### What needs to be done
Excluding any images, copy all of the lines below precisely as written.
BEGIN Provided data
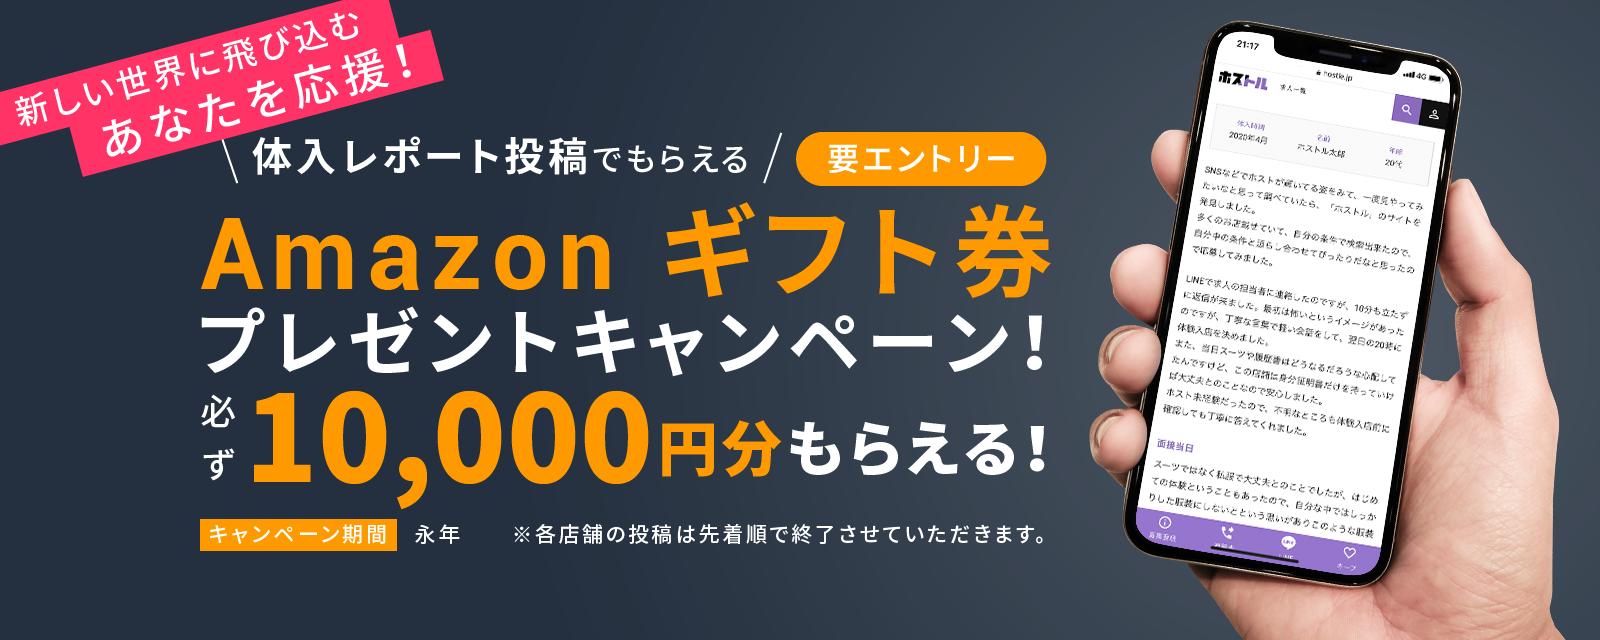 体入レポート投稿すると1万円もらえる
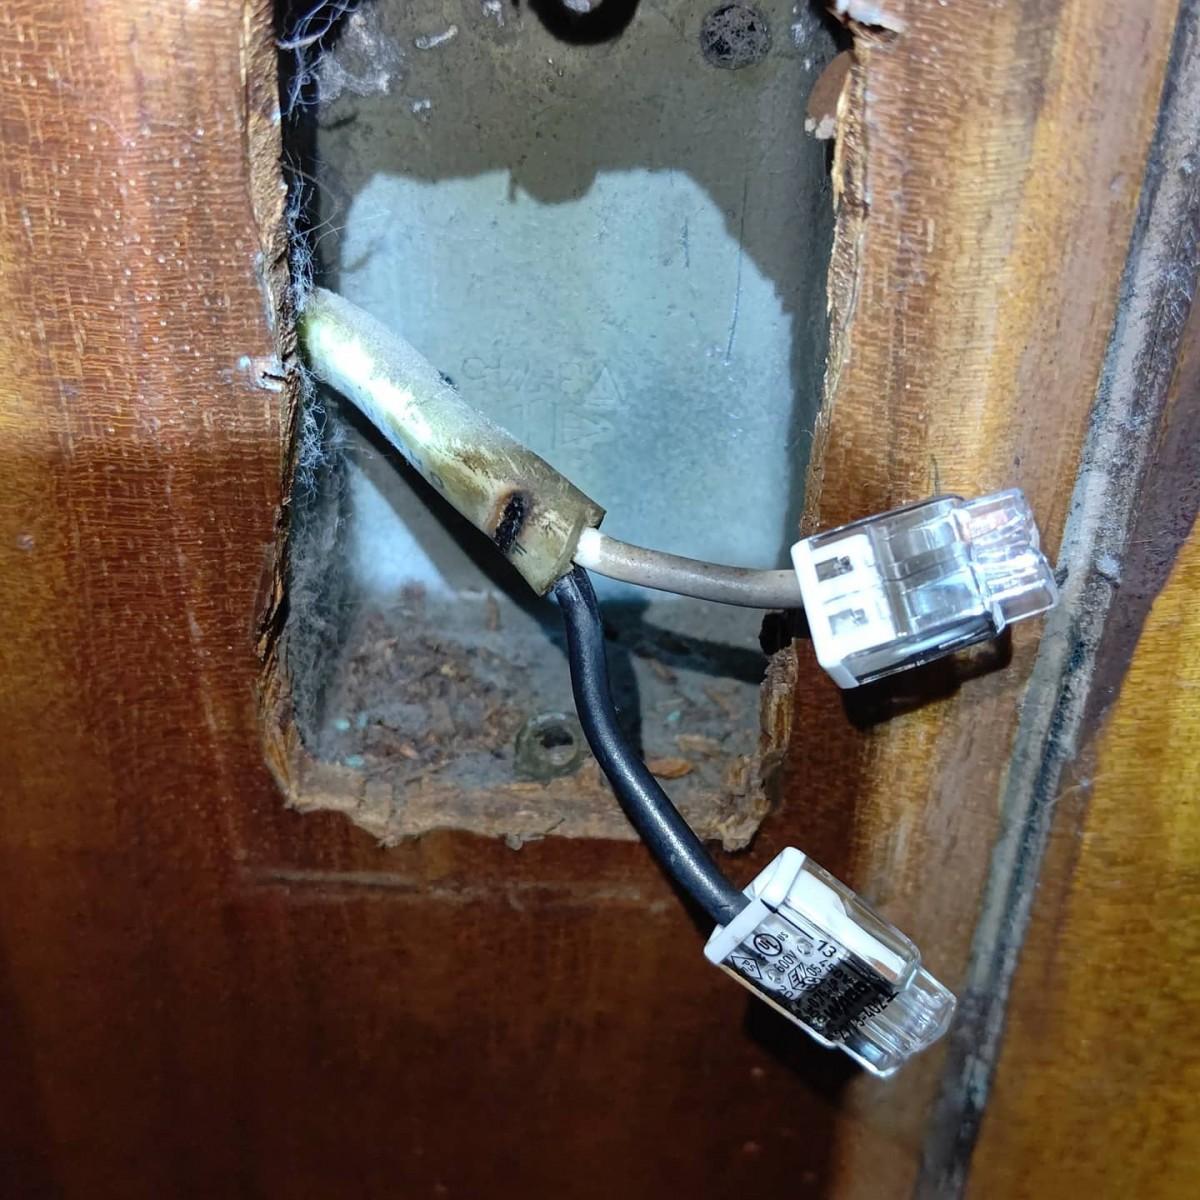 漏電改修工事!築60年近いマンションの1室、不良回路特定して事故点探すも、えらい分岐させてて大変でした。水回りと2部屋+キッチンの一部が一回路になっている。リフォーム履歴あるようですが分電盤が埋込なので回路数増やせなかったんでしょうか。漏電原因は外灯と判明しましたが、水回りは回路を分けることにしました。配線器具も古いものをお使いだったので交換。電線燃えた?ような形跡もあります。ようやく絶縁良好!外灯はペンキでガチガチなので後日入替となりました。#漏電 #不良改修 #火災 #絶縁不良 #電気火災 #感電 #マンション #電気工事 #配線工事 #リフォーム工事 #防犯設備 #オザワデンキ #有限会社小沢電機商会 #品川区大崎
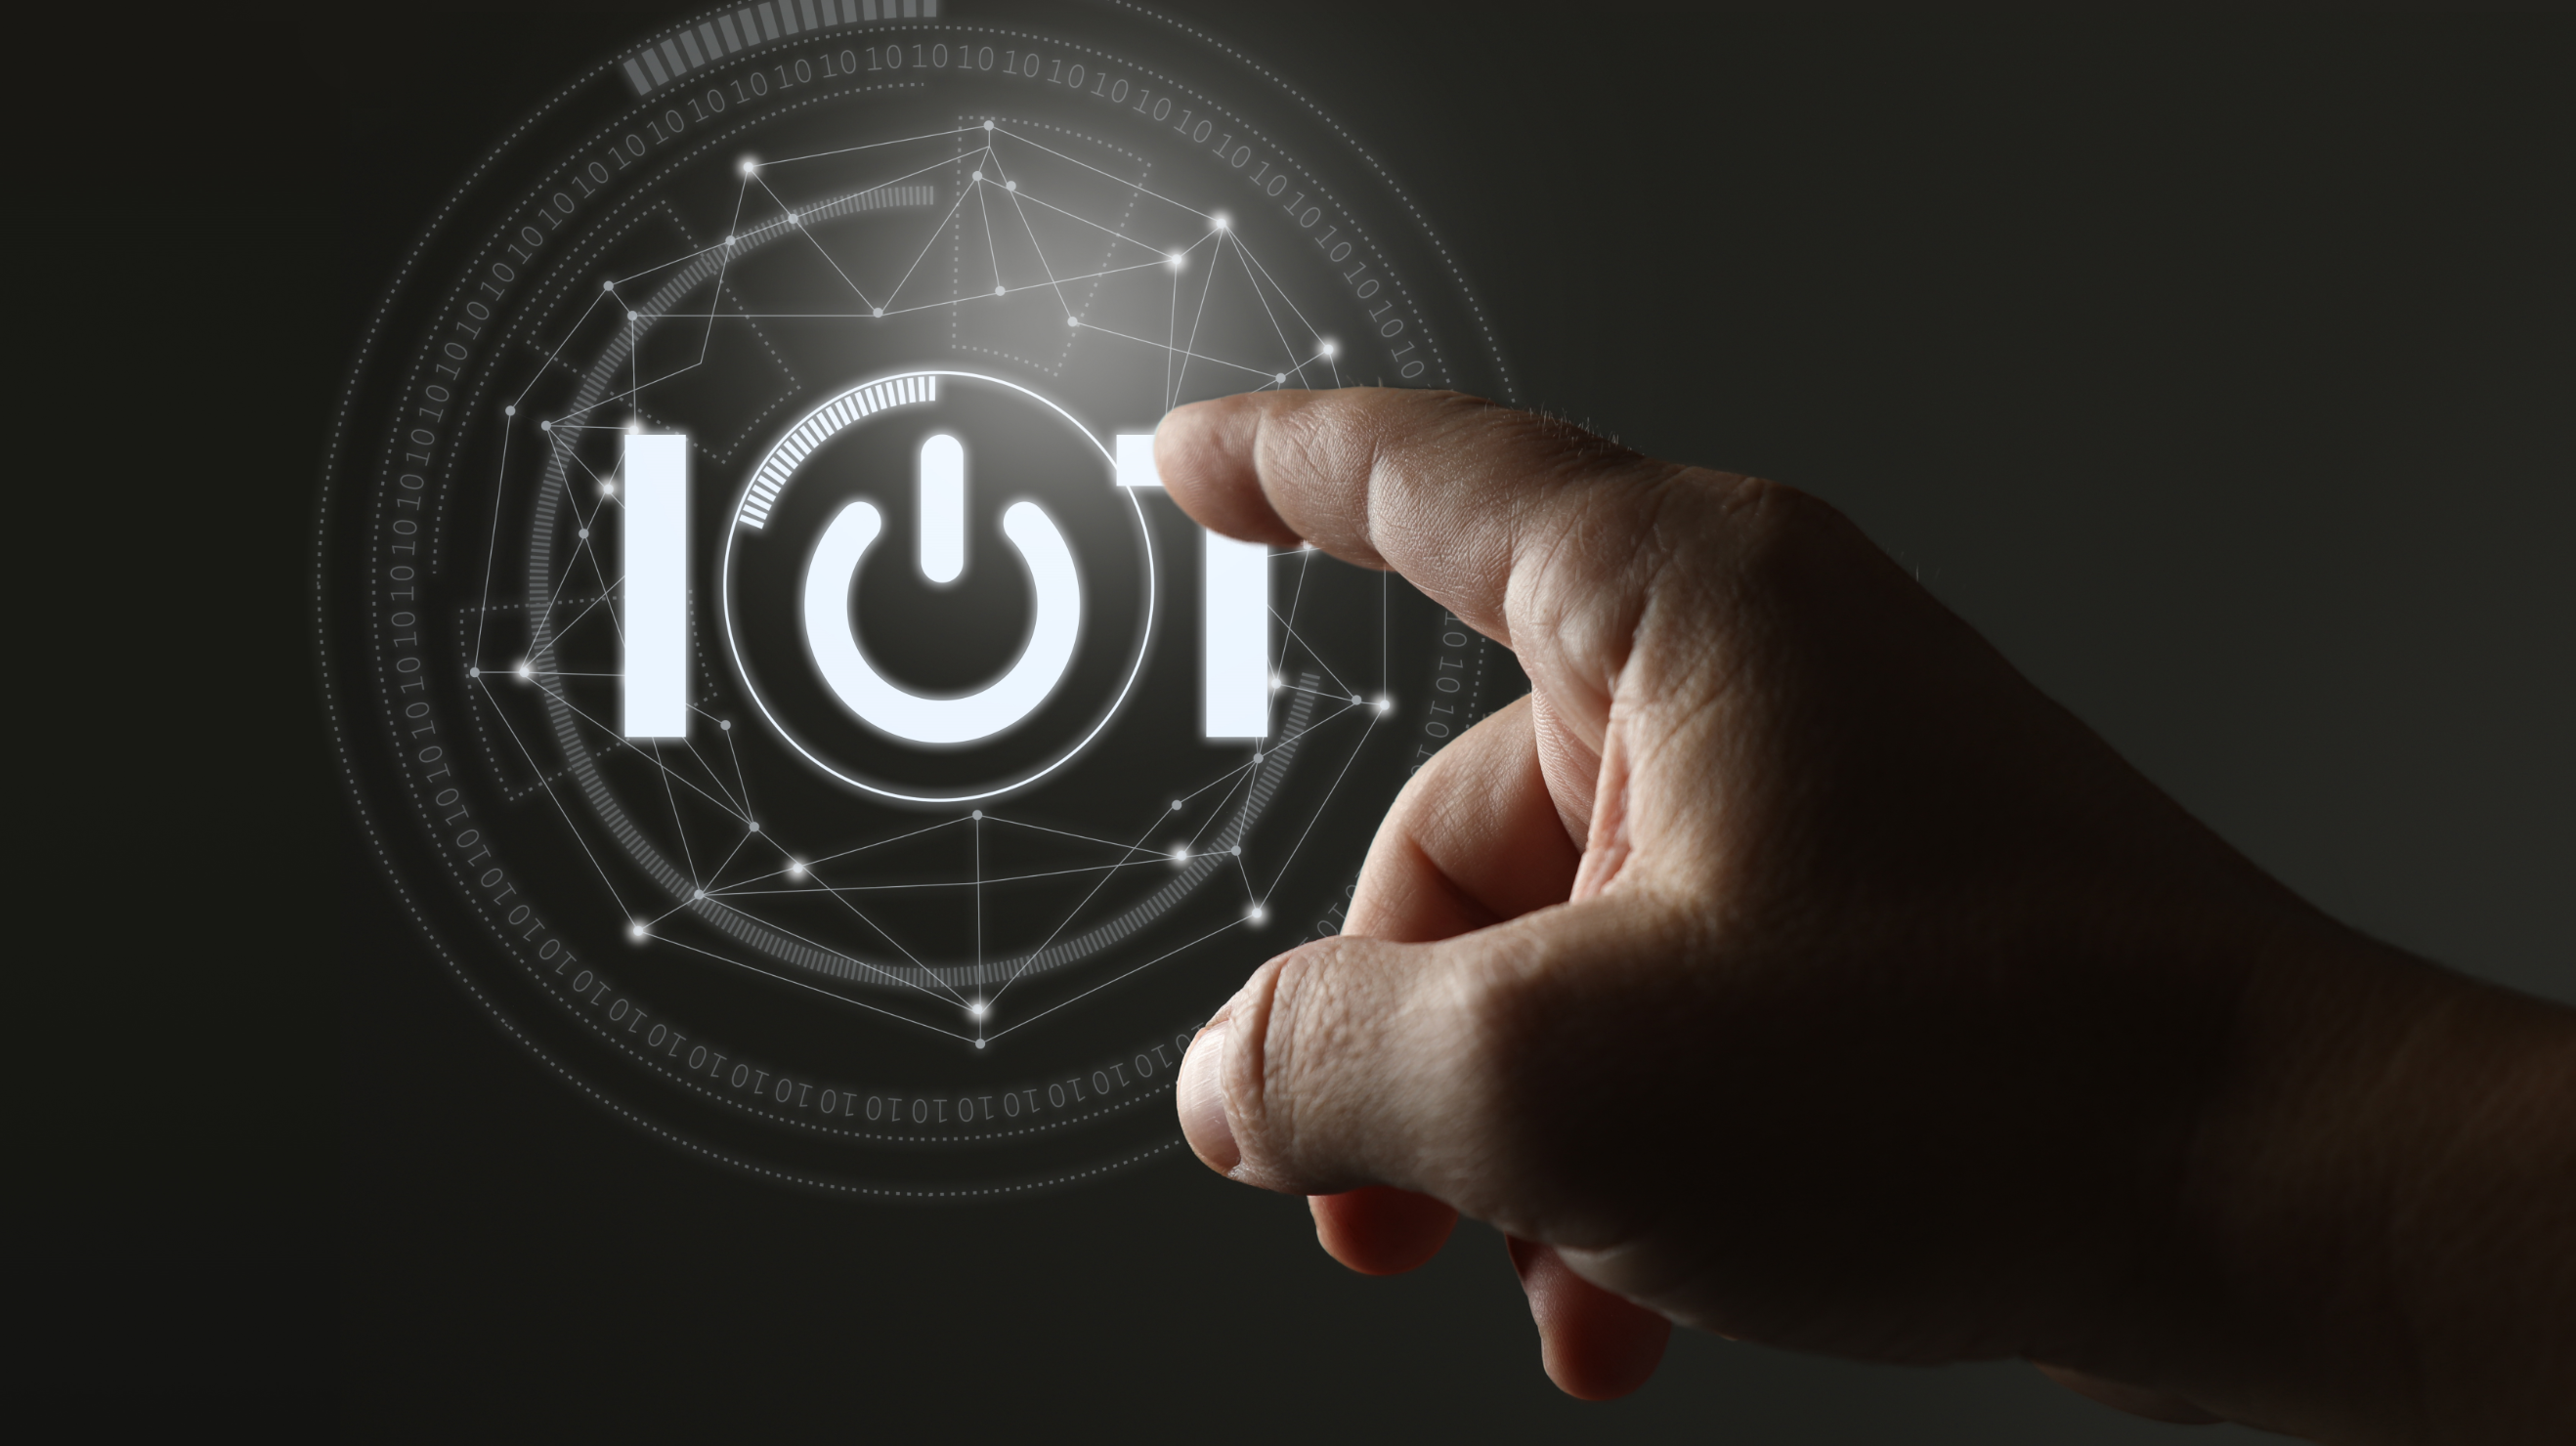 삼성SDS, Magic Quadrant for Industrial IoT Platforms, 2020, Gartner
END Provided data
### Expected answer
 体入レポート投稿すると1万円もらえる
 漏電改修工事!築60年近いマンションの1室、不良回路特定して事故点探すも、えらい分岐させてて大変でした。水回りと2部屋+キッチンの一部が一回路になっている。リフォーム履歴あるようですが分電盤が埋込なので回路数増やせなかったんでしょうか。漏電原因は外灯と判明しましたが、水回りは回路を分けることにしました。配線器具も古いものをお使いだったので交換。電線燃えた?ような形跡もあります。ようやく絶縁良好!外灯はペンキでガチガチなので後日入替となりました。#漏電 #不良改修 #火災 #絶縁不良 #電気火災 #感電 #マンション #電気工事 #配線工事 #リフォーム工事 #防犯設備 #オザワデンキ #有限会社小沢電機商会 #品川区大崎
 삼성SDS, Magic Quadrant for Industrial IoT Platforms, 2020, Gartner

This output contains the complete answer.